- [DATA]:
--------

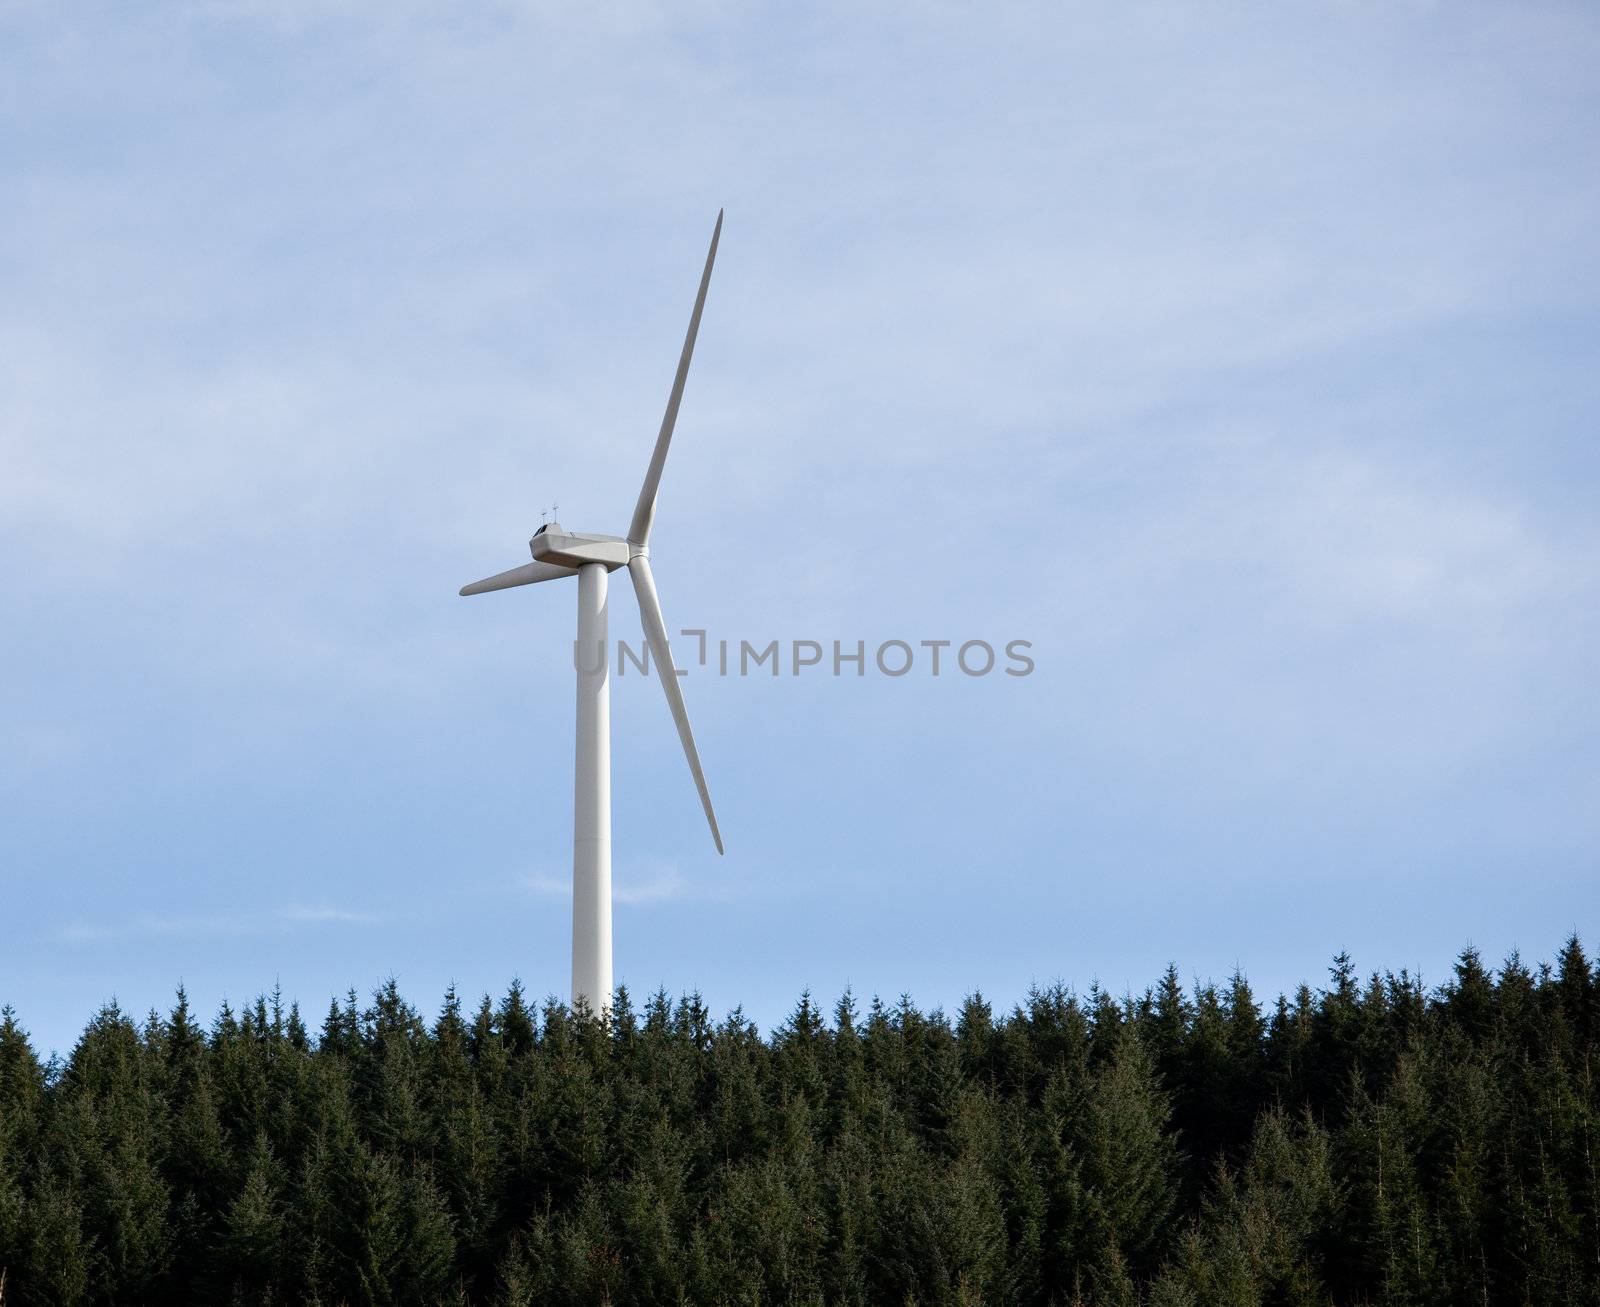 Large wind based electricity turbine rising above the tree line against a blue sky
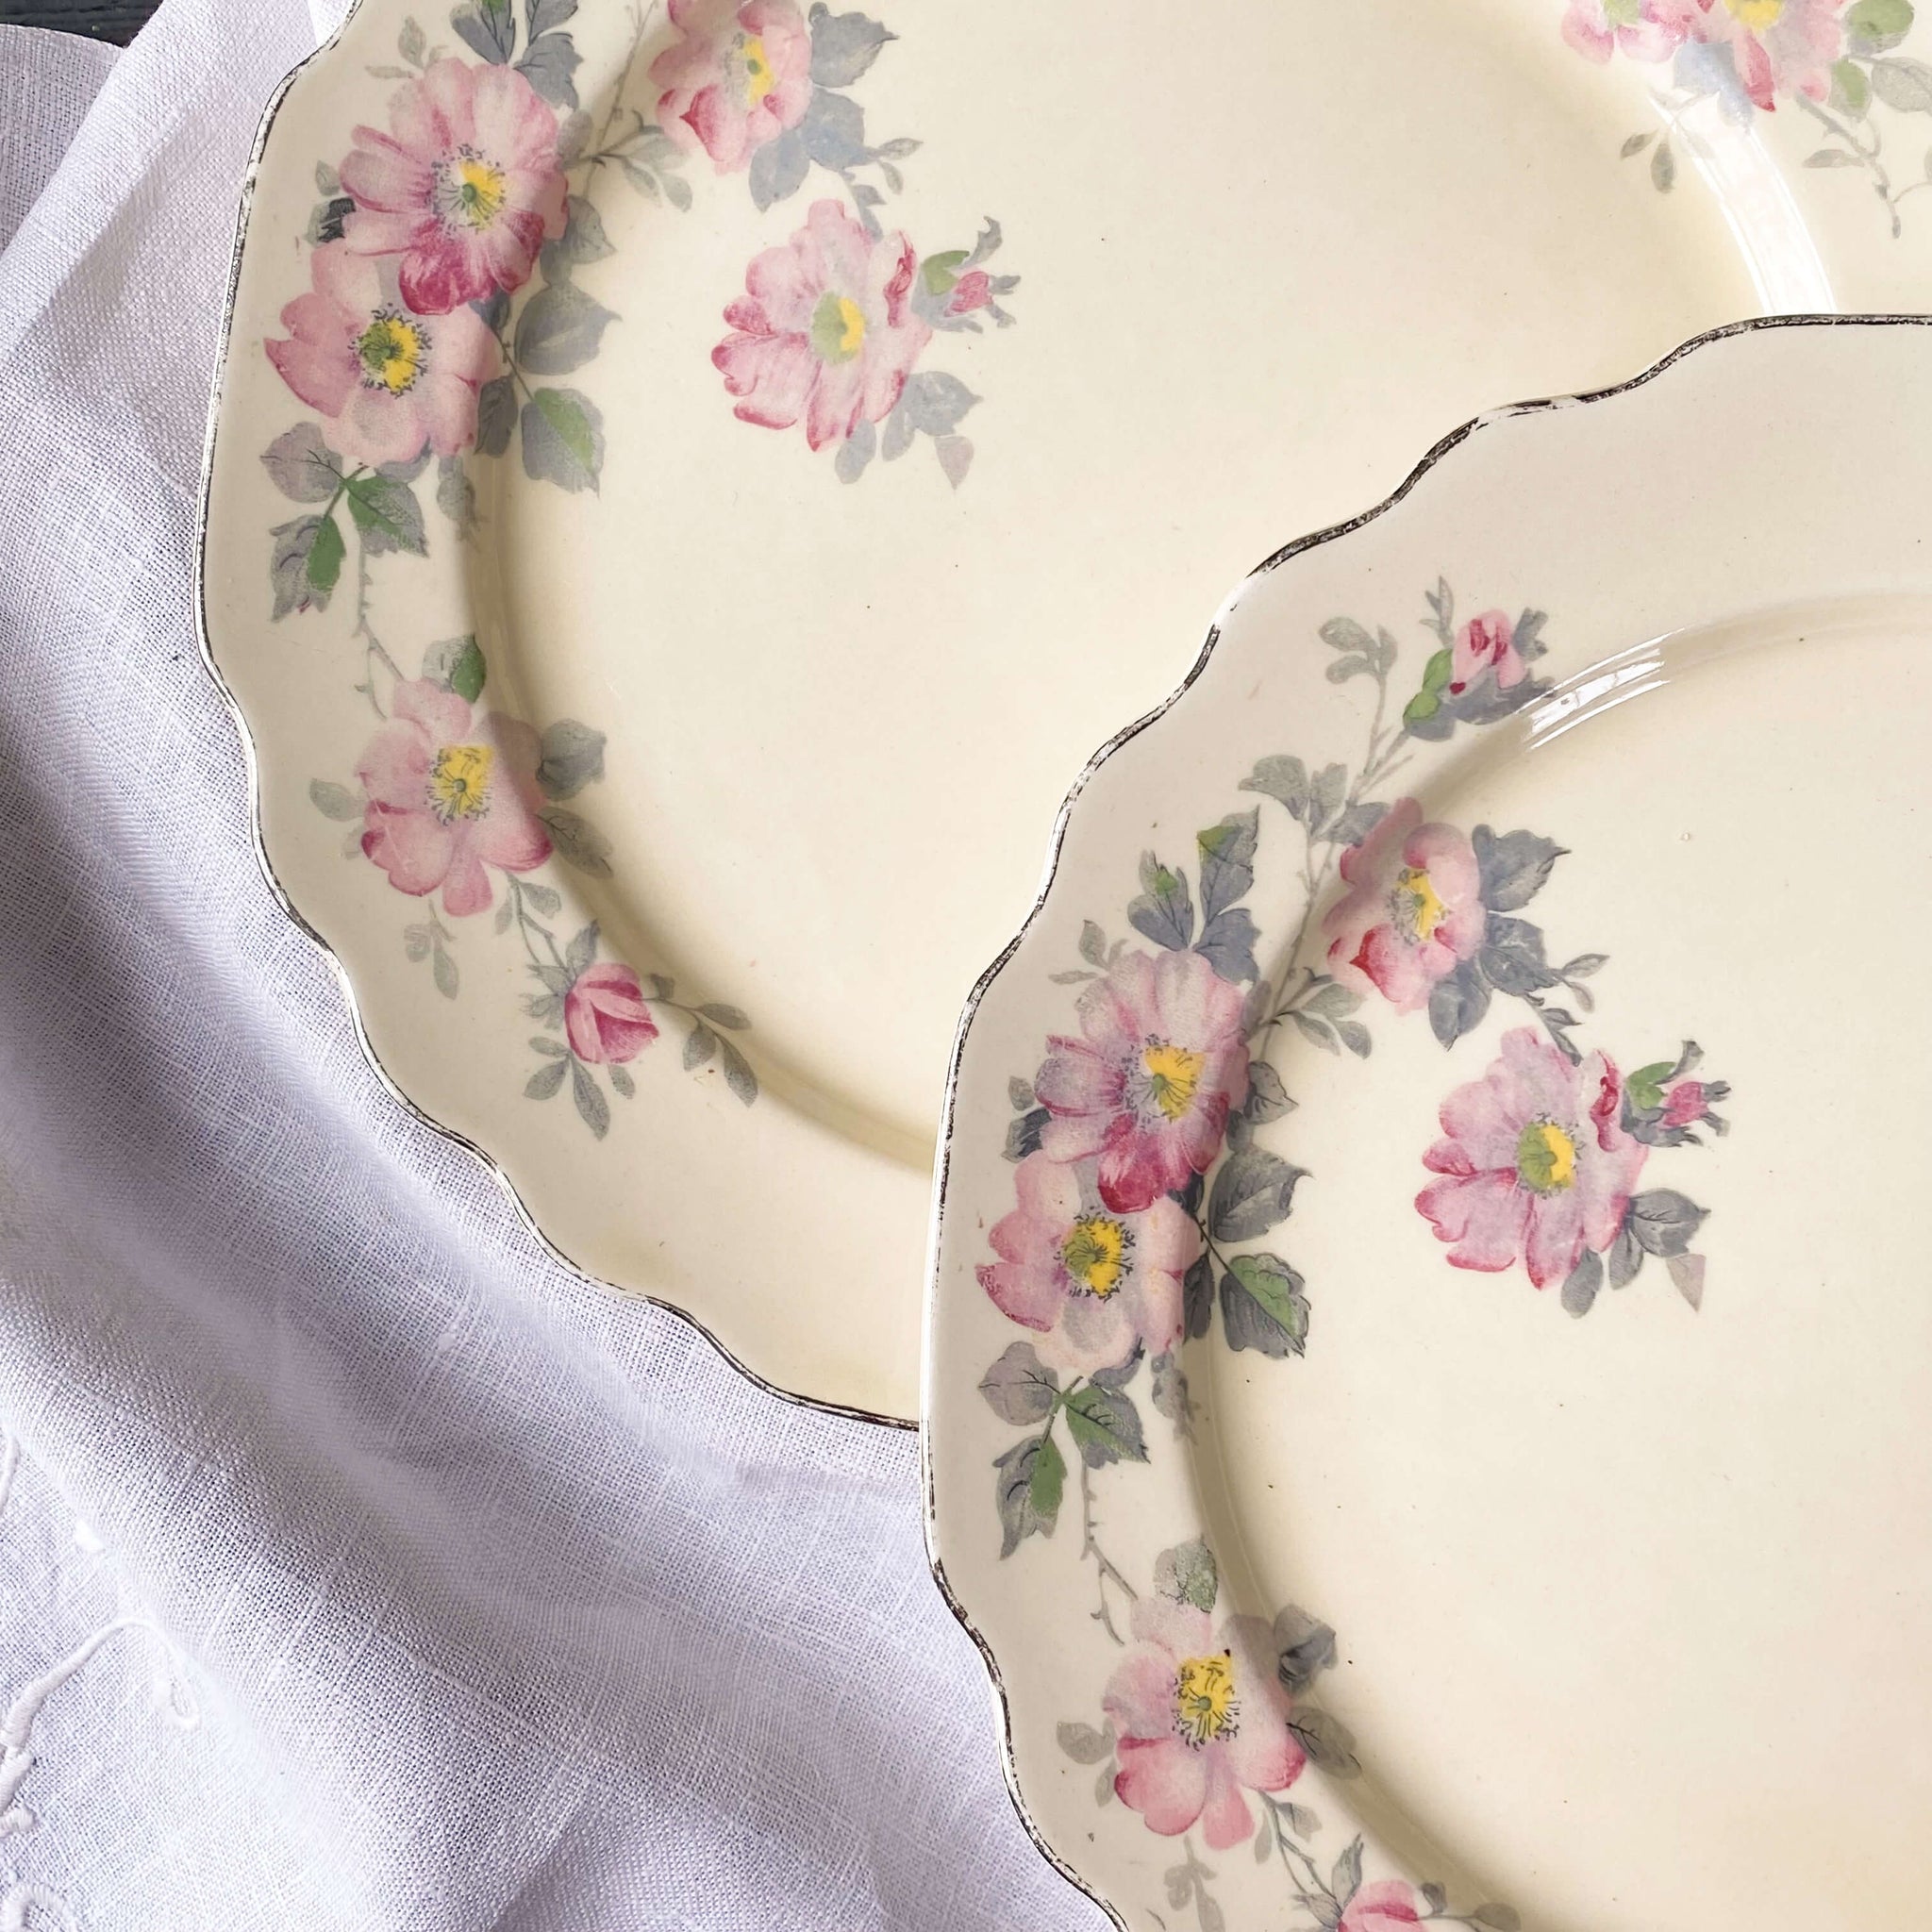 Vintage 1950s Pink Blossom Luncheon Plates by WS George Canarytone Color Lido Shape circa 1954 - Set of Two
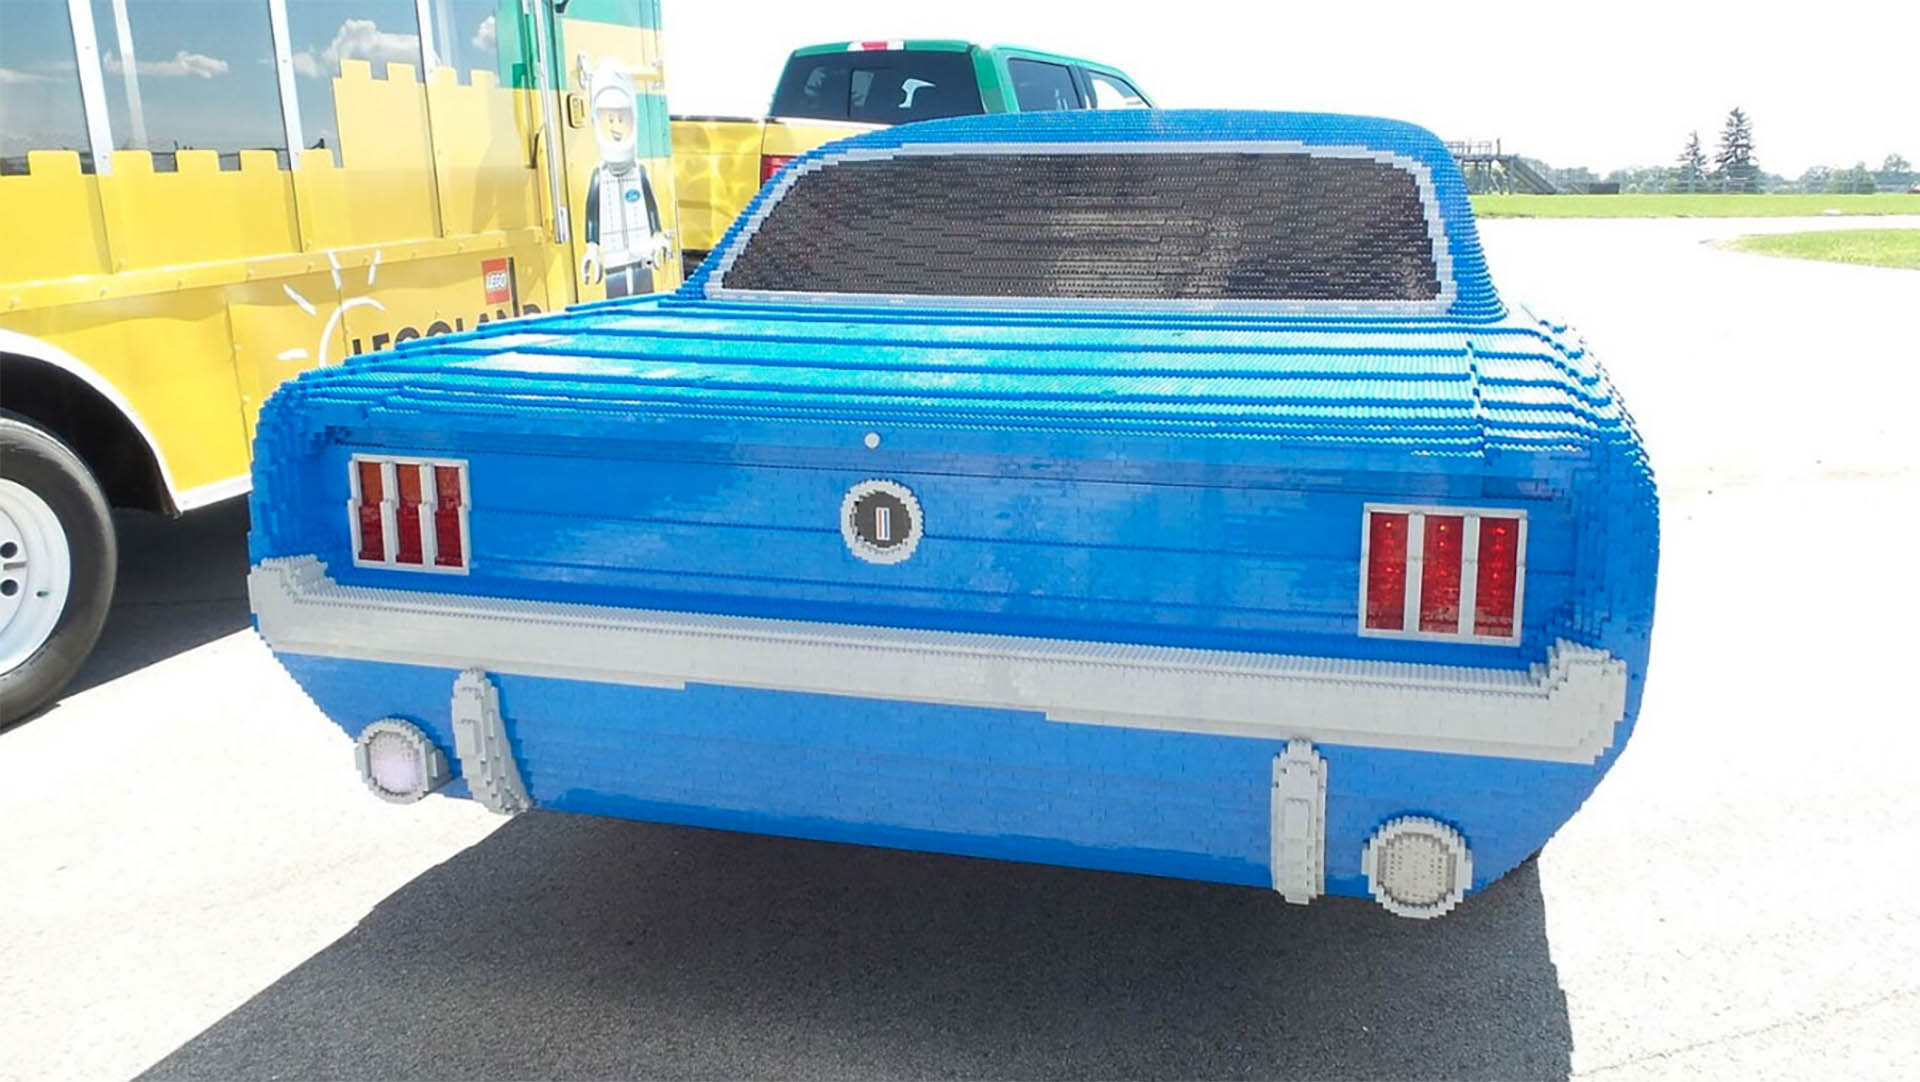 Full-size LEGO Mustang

--------

Only the lines from the one with "Vintage 1950s Pink" through the final line of the data should be written out, exactly and including both ends. Skip the pictures.

 Vintage 1950s Pink Blossom Luncheon Plates by WS George Canarytone Color Lido Shape circa 1954 - Set of Two
 Full-size LEGO Mustang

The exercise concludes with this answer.